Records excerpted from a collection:
Content starts

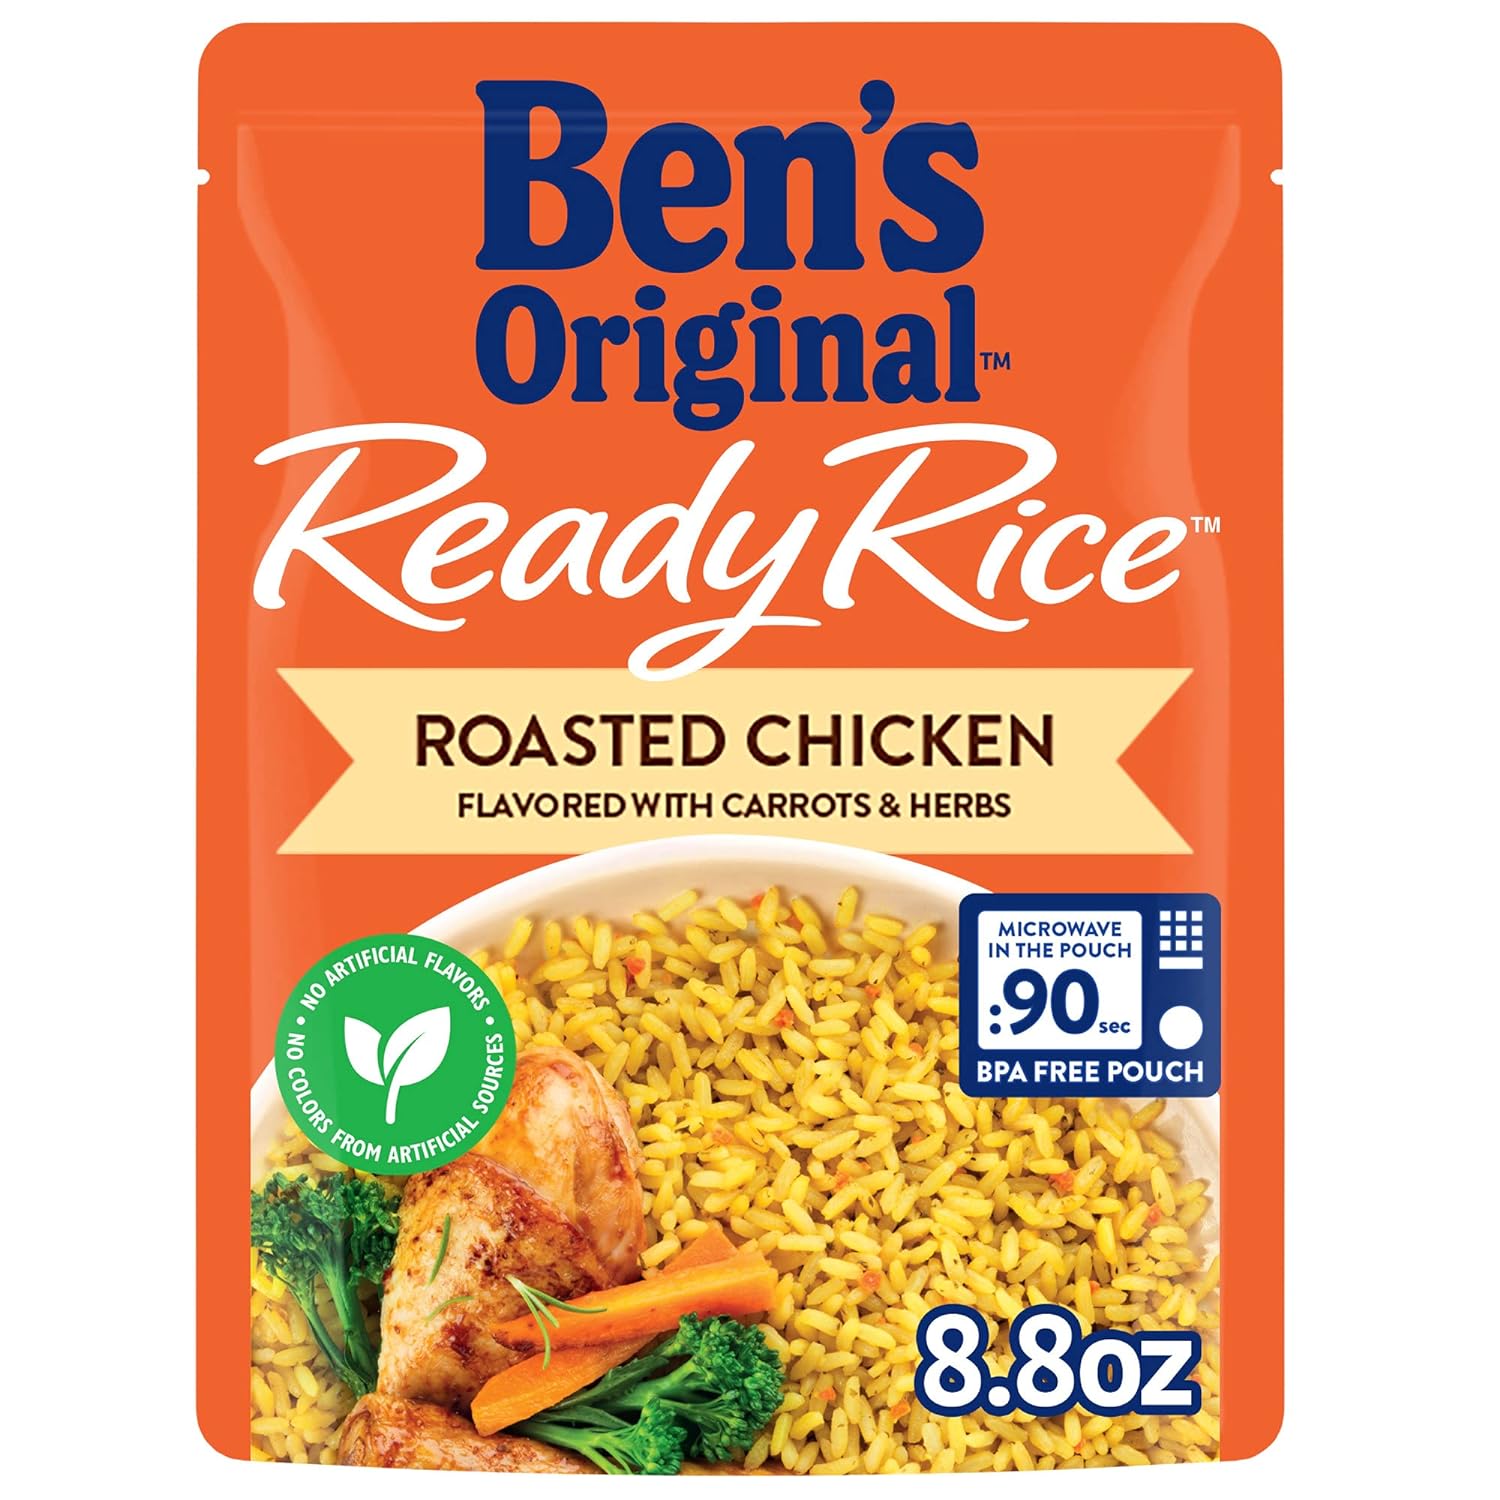 BEN'S ORIGINAL Ready Rice Roasted Chicken Flavored Rice, Easy Dinner Side, 8.8 OZ Pouch (Pack of 12)
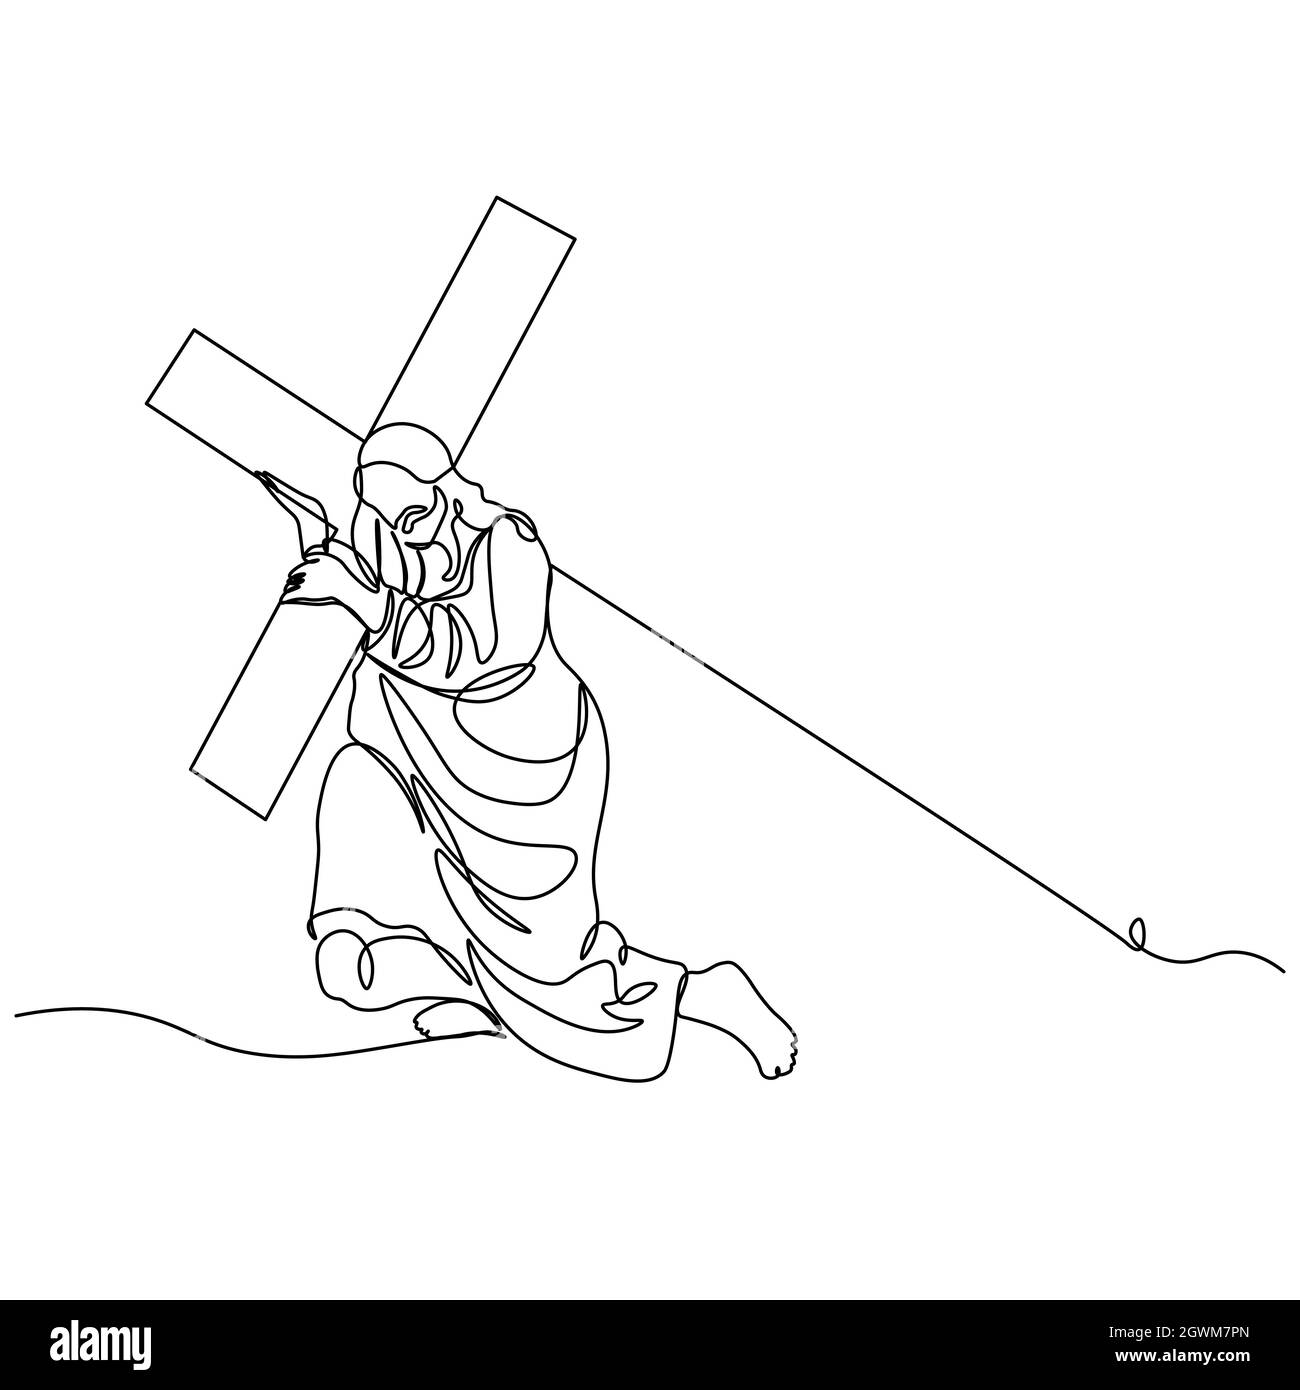 One continuous single drawn line art doodle spirituality cross, crucifixion Jesus Christ .Isolated image of a hand drawn outline on a white background Stock Vector
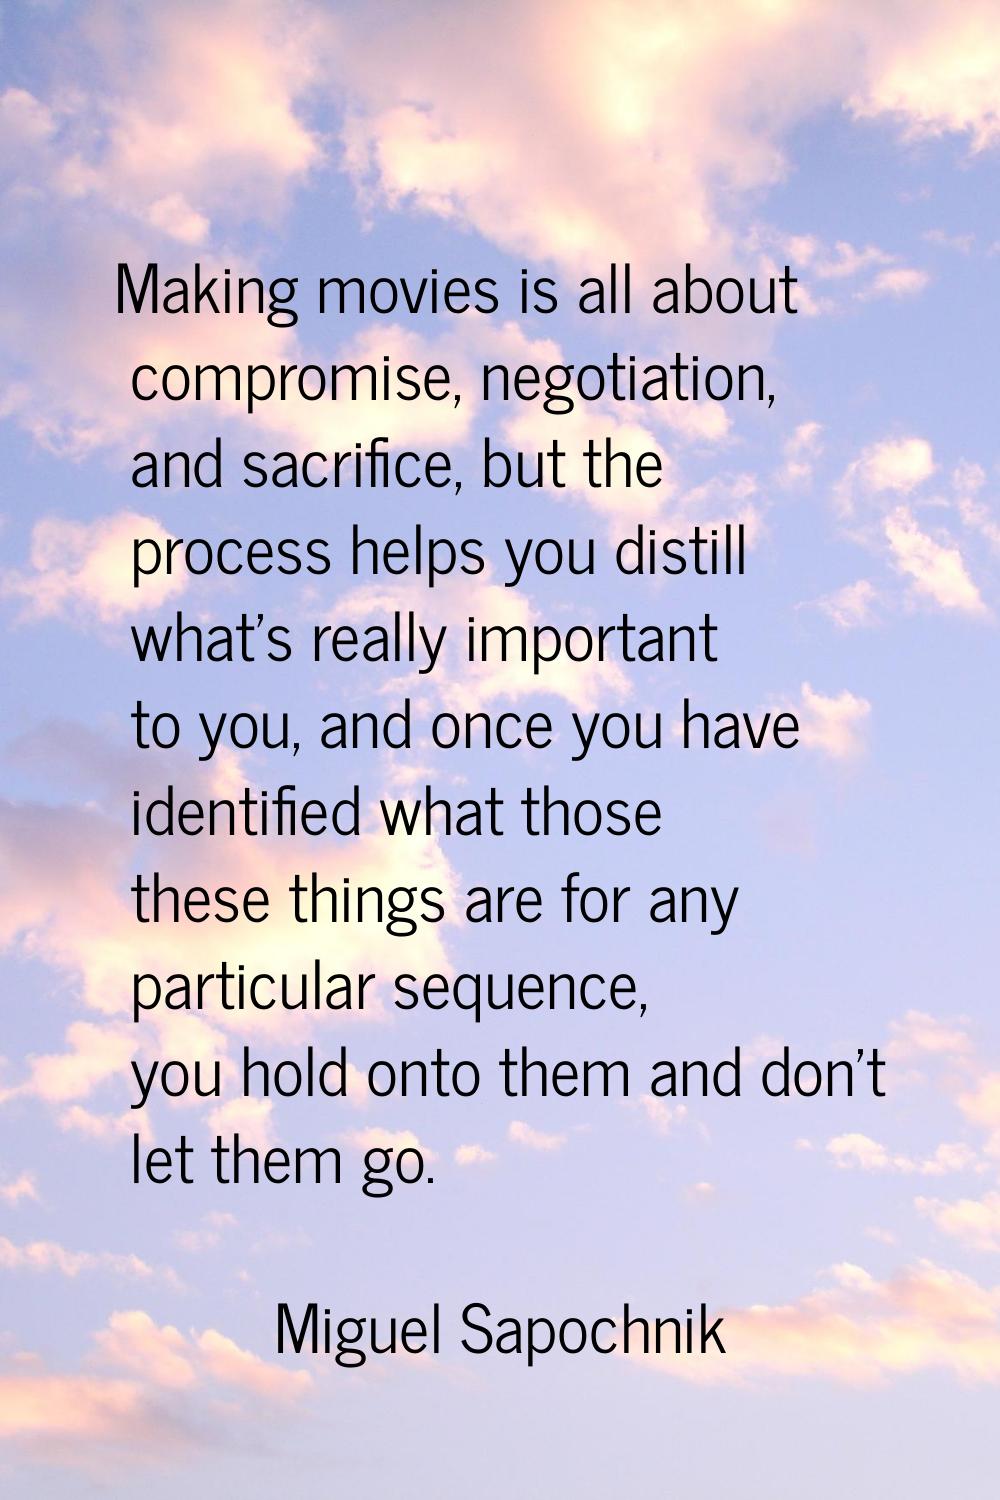 Making movies is all about compromise, negotiation, and sacrifice, but the process helps you distil
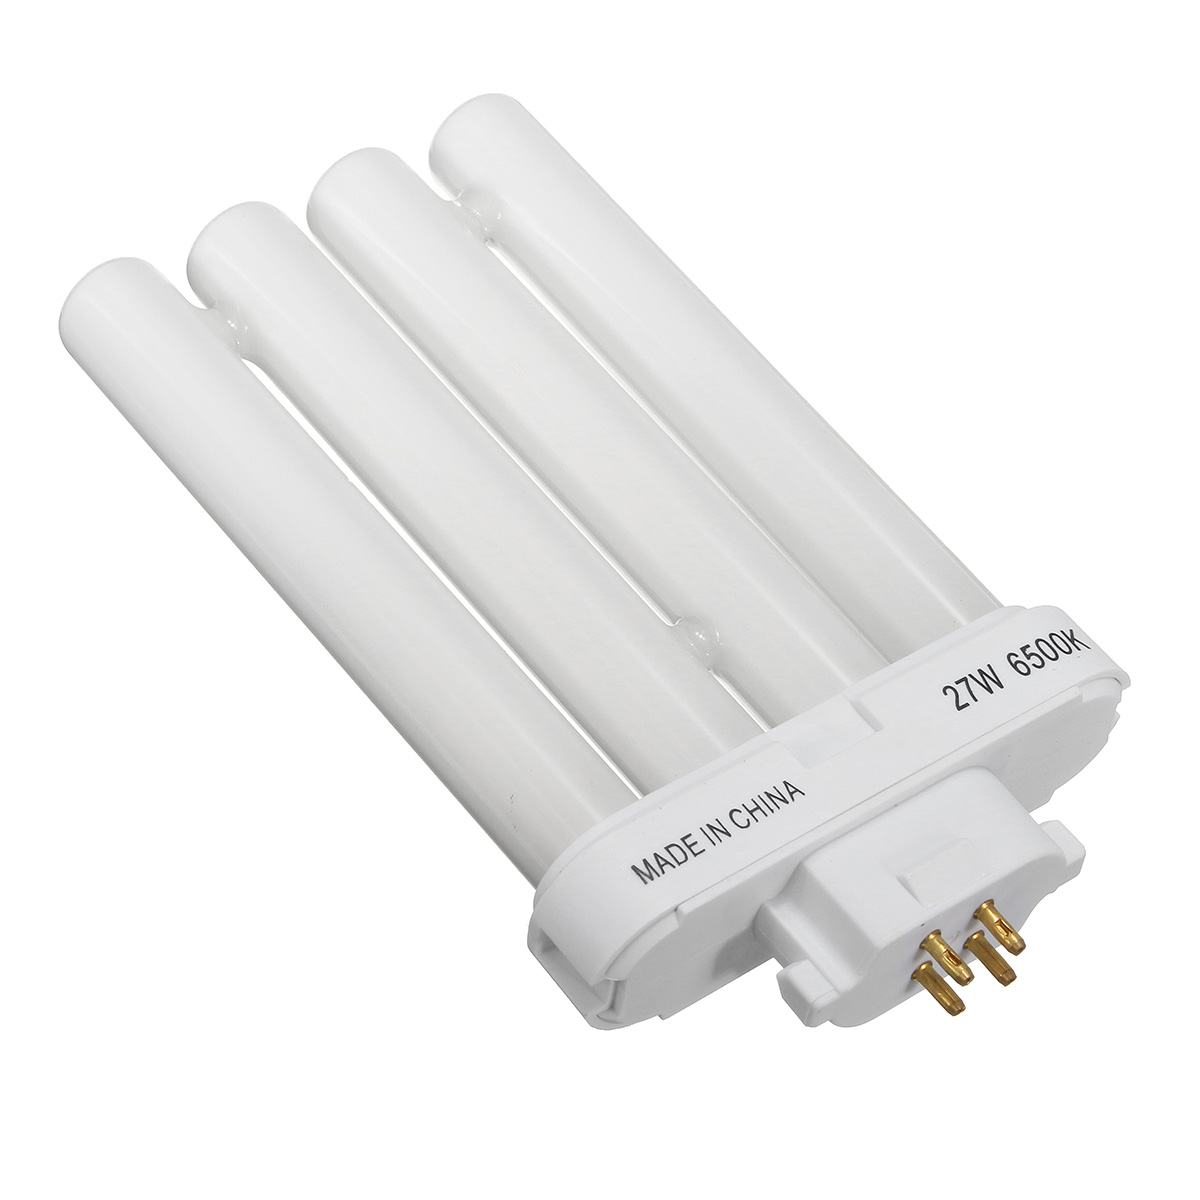 AC220V-27W-Quad-Tube-Compact-Pure-White-Fluorescent-Light-Bulb-for-Indoor-Home-Decoration-1513838
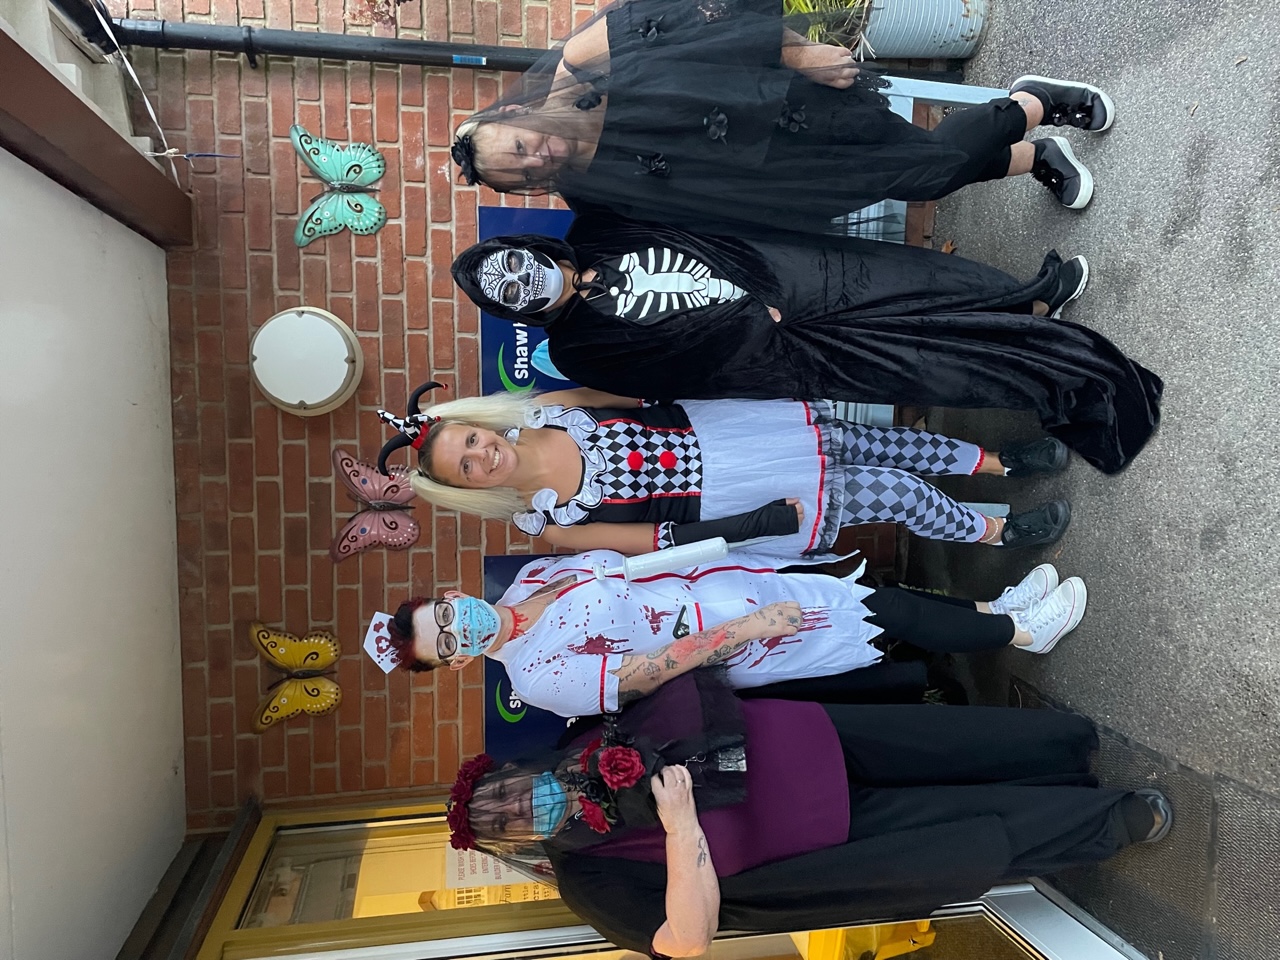 Employees at Warmere dressed up for Halloween

Content ends

*ASSIGNED TASK*
From the line containing "Making movies is" through the end of the entries, quote each line exactly and nothing else, excluding all pictures.

*ANSWER SECTION*
 Making movies is all about compromise, negotiation, and sacrifice, but the process helps you distil
 AC220V-27W-Quad-Tube-Compact-Pure-White-Fluorescent-Light-Bulb-for-Indoor-Home-Decoration-1513838
 Employees at Warmere dressed up for Halloween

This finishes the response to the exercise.